[Start of Attachment]

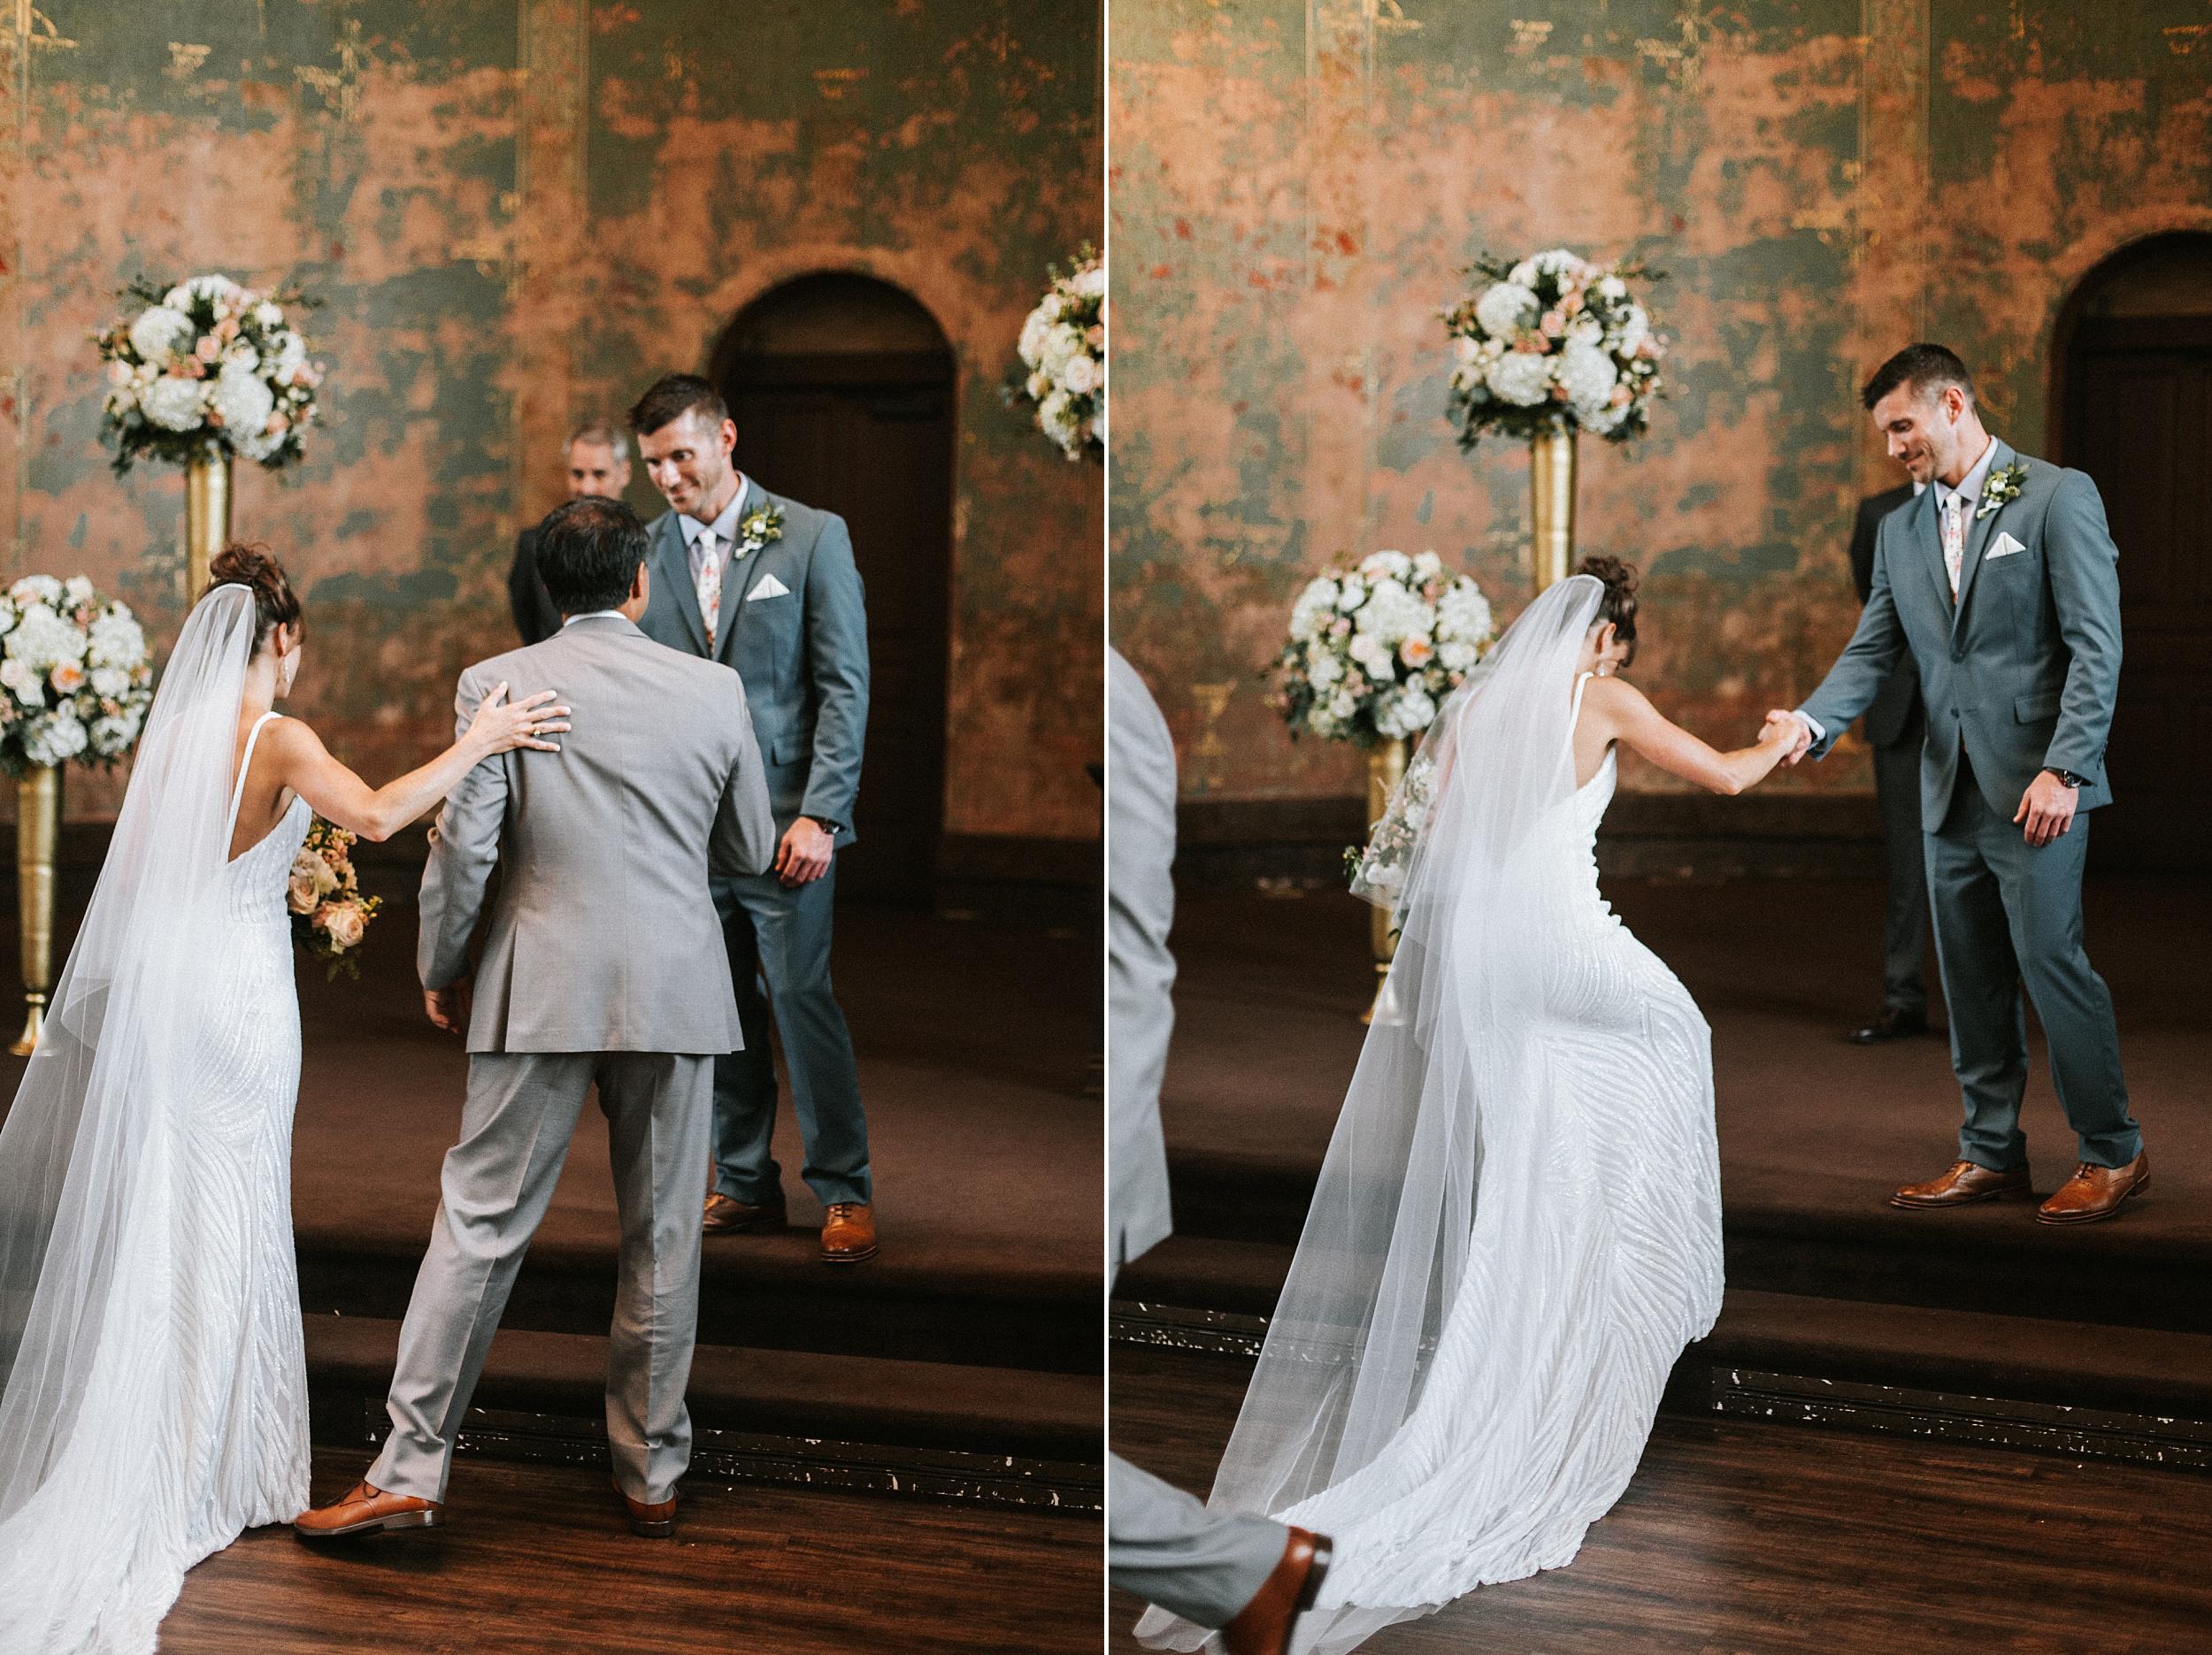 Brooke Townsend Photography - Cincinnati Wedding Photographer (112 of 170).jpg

[End of Attachment]
[Start of Attachment]

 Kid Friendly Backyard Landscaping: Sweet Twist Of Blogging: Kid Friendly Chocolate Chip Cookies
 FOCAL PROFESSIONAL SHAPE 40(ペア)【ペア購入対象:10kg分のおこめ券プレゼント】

[End of Attachment]

• PROBLEM TO WORK ON:
Everything starting at the line containing "Kid Friendly Backyard" and ending at the line containing "FOCAL PROFESSIONAL SHAPE" in the records above should be repeated exactly, and only that.

• TASK ANSWER:
 Kid Friendly Backyard Landscaping: Sweet Twist Of Blogging: Kid Friendly Chocolate Chip Cookies
 FOCAL PROFESSIONAL SHAPE 40(ペア)【ペア購入対象:10kg分のおこめ券プレゼント】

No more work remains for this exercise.